Guest Reviewer Tom’s Thoughts:
Graham Norton has written an engaging first Novel in Holding. Set in a small town Duneen, Ireland, Norton paints an exquisite picture of the counterpoint between familiarity of small town life and the inability to achieve a sense of privacy and anonymity. The challenge of achieving this balance is richly portrayed via the introduction and development of the six main characters and how their lives and emotions are intertwined as big news rocks their small town.
Each chapter has readers periodically ‘checking in” on a different character and their emotions as the plot develops. Norton’s transitions here are so well done as to be effortless. The flow and pace of his writing is very smooth and makes you want to keep reading to not break the rhythm. Each character is believable with their personalities and idiosyncrasies deftly revealed in a way that makes them increasingly familiar. This connected me in a way that made me feel that I too was a resident. Norton also uses his comedic talent to cleverly and enjoyably deliver a periodic turn of phrase, just enough to leave you longing for the next one.

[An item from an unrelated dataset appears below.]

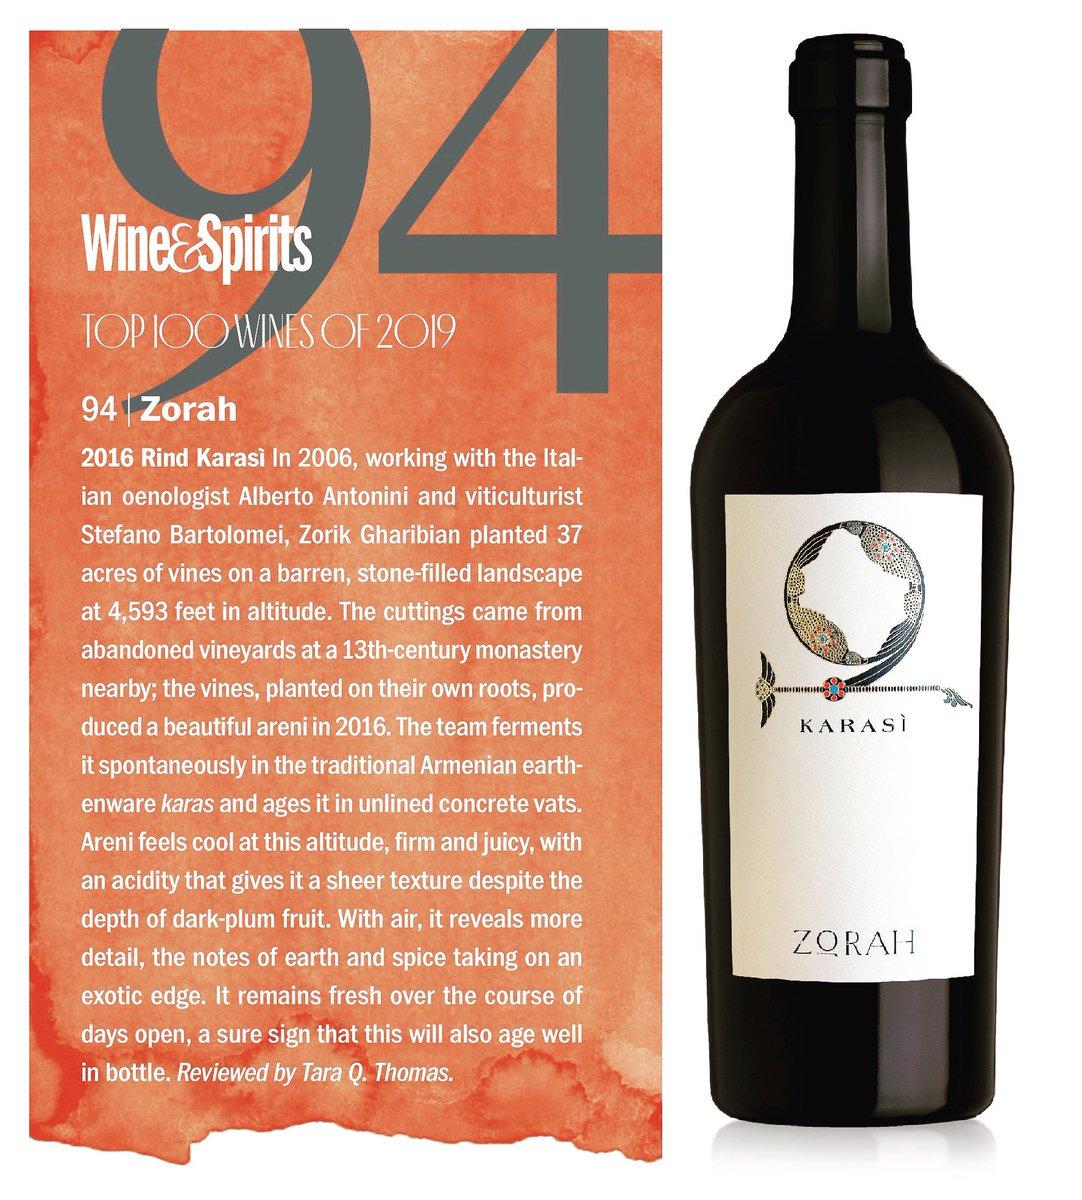 Multi Award Winning and Delicious ZORAH Wines are available in the USA  at http://WinesofArmenia.com + FREE shipping on any 6 or more bottles. #zorah #zorahwines #yeraz #voski #karasi #rind #armenia #armenian #wineofarmenia #winesofarmenia #armenianwine #armenianwines @StepanWBpic.twitter.com/nGddCuv8Zs

My one criticism is the plot had little tension. There was no real suspense, sense of foreboding, or danger despite the story being built on the mysterious death of a well known inhabitant. For me, a little more tension or surprise would have made it that much more enjoyable. Upon reflection a few days later, however, I came to realize that the characters would stand up regardless of plot which to Norton’s credit is precisely the point.
With more suspense or foreboding, Holding would be a full 4 star read rather than 3.5 stars.